Anyway, he made the trip back to Brooklyn. He takes care of the family duties. The Brooklyn Museum has recently acquired the work of John von Wicht, a friend with a house on Mallorca. At the exhibit he meets the widow.

“I didn’t know John died,” he told her. He offered his condolences, but enough time had passed that she didn’t seem to need that any more.

She adjusted her wig. He wondered if she had been undergoing radiation. “I gave a young lady your address in Paris a few years back. Did she find you?”

He had completely forgotten that von Wicht was in the Paris exhibit. He was not exactly an expatriate, but he was showing more in Europe than in America at the time.

“I always wondered how she found me.”

Now Norman accepted another glass of red wine.

“I remembered she and the kid and her husband lived up on Central Park West.”

He took another sip, and looked sheepishly at us. “I know I wasn’t very nice about running away when they showed up here. Sorry.” He grandly shrugged again.

“As it happens I had a friend on ninety-second street, a block or so away. He had no phone, and when I got there he wasn’t home, so I said What the hell, and knocked on their door. I had to get clearance from a guy in the lobby, but he called up and there I was.”

He ducked his head sheepishly again.

“First thing I notice when she opens the door, a chess set on a glass table in the living room.”

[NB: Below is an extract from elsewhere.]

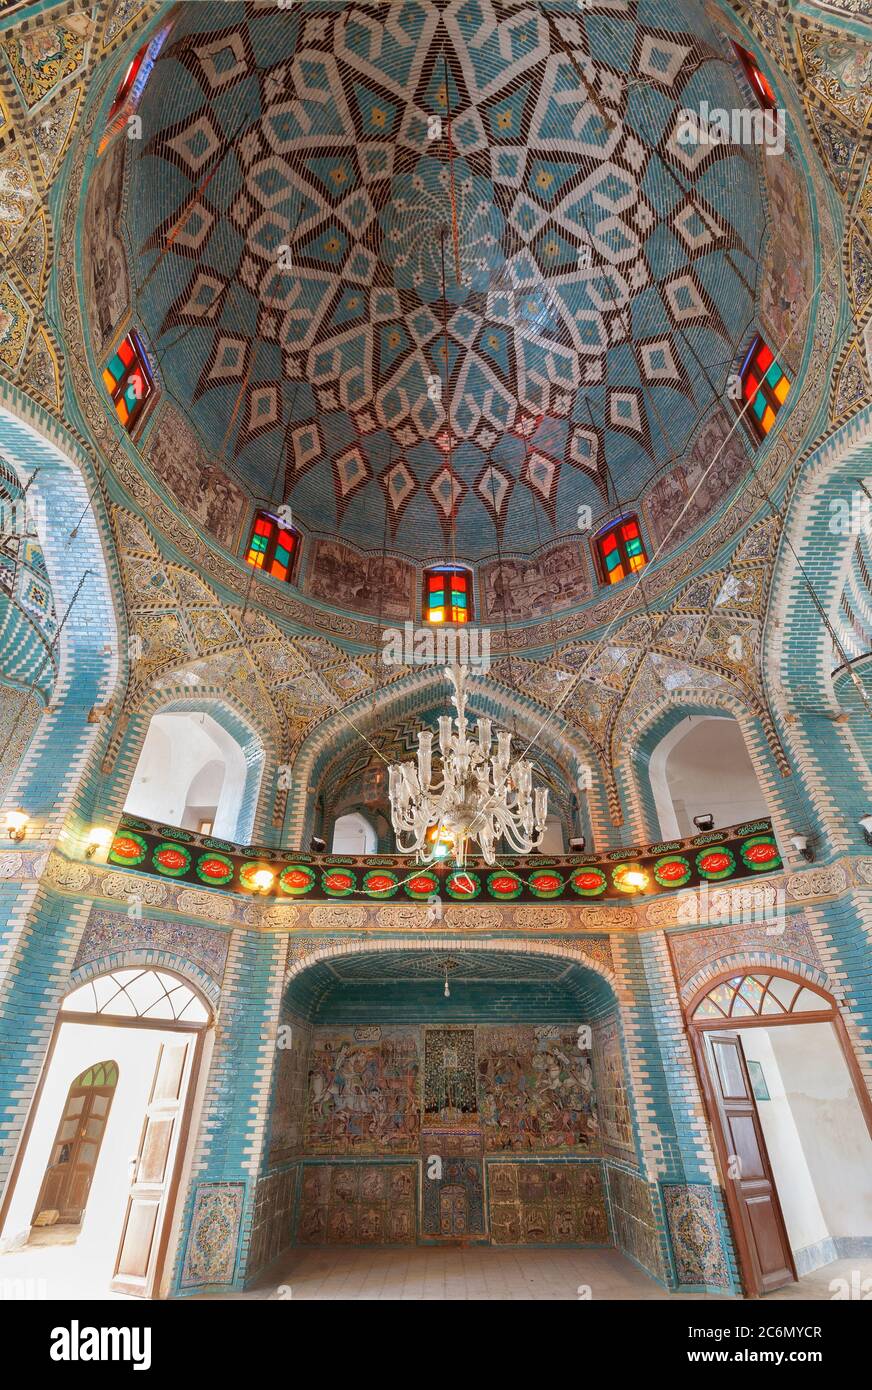 La décoration du plafond et des murs du dôme de Tekyeh Moaven al-molk à Kemanshah, Iran. Mosaïque de céramique avec les images de l'histoire de l'is Banque D'Images

I haven’t told you about Norman and chess. With him it’s an obsession. He’s not the only one in our village. Three or four are a obsessive as he is, Jacob Lind and Paul Kroto, for instance.

Once Norman and Bob Bradbury fell out over a game and didn’t speak to each other for years.

“So we say hello. The kid is at school. She introduces me to her husband. Off she goes to pick up the kid. Her husband and I sit down at the glass table. He’s pretty good, but I am not going to let him win.”

When the wife returns with the child, they are one to one and deep in a chess fury. A quick kiss from her daddy and a suspicious look at the guy with the bushy beard and they go off to the kitchen for snacks.

“My concentration is off, first thing I know he has my queen,” Norman says, eyes popping in retrospective anger. “I still have a chance, but there’s this curly headed midget across the table staring at me. I lost it. I mean I really lost it.”

He growled at his daughter, grabbed his hat and hit for the door. He didn’t wait for the elevator, and he ignored the voices calling out to him in the echoing stairwell.

Now he shook off the ancient anger. He tipped the glass and downed the rest of the wine. On his feet, he spread his arms.

“I could have beat him in a fair fight.”